This proxy statement is being furnished in connection with the solicitation of proxies by the Board of Directors of the Company (the “Board”) for use at the 2025 Annual Meeting of Stockholders of the Company (the “Annual Meeting”) to be held on Thursday, May 15, 2025 at 12:00 p.m., Eastern Time, and any adjournments or postponements thereof for the purposes set forth in this proxy statement and the accompanying notice of the meeting. This proxy statement, the notice of the meeting, the Annual Report on Form 10-K for the year ended December 31, 2024 (the “2024 Annual Report”), and the enclosed proxy card (collectively, the “proxy materials”) are first being sent to stockholders on or about April 11, 2025. You should read the entire proxy statement carefully before voting. The mailing address of the Company’s principal executive office is 3333 Deposit Drive Northeast, Grand Rapids, Michigan, 49546.
Important Notice Regarding the Availability of Proxy Materials for the 2025 Annual Meeting of Stockholders To Be Held on May 15, 2025
The Annual Meeting will be held via conference call. If you were a stockholder of record on April 4, 2025, or you hold a valid proxy for the Annual Meeting, you will be able to dial-in and participate in the Annual Meeting, vote your shares and ask questions during the meeting by dialing in 1-312-757-2166, conference room number 375-775-989.

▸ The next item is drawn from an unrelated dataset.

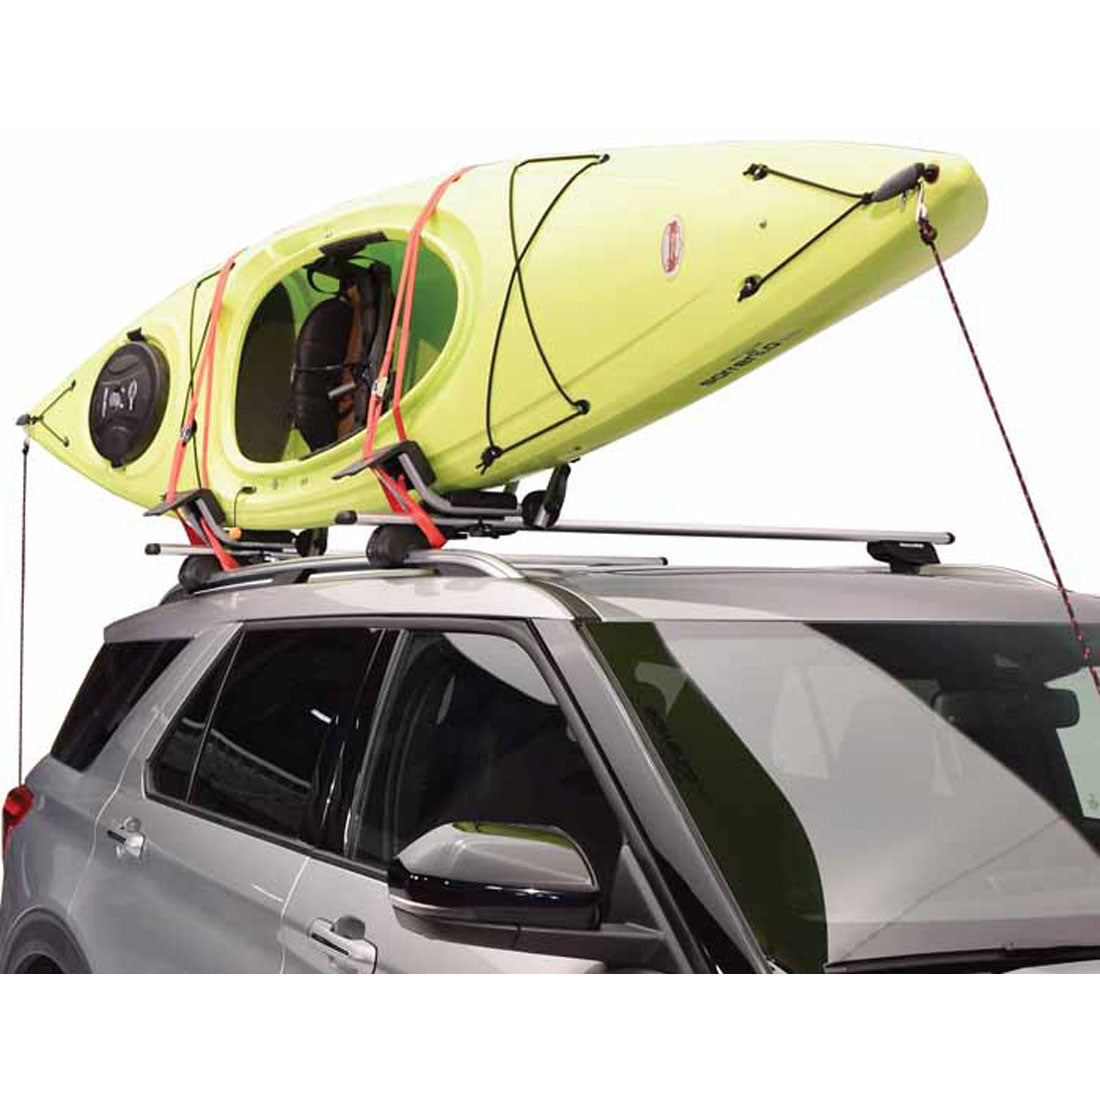 Malone Downloader Kayak Roof Rack installed on an SUV

Pursuant to the rules promulgated by the Securities and Exchange Commission (the “SEC”), the Company is providing access to its proxy materials both by sending you a full set of proxy materials and making copies of these materials available at www.investorvote.com/NPBI or in the “Investor Relations – SEC Filings” section of our website, www.northpointe.com. Stockholders are encouraged to access and review the proxy materials before voting.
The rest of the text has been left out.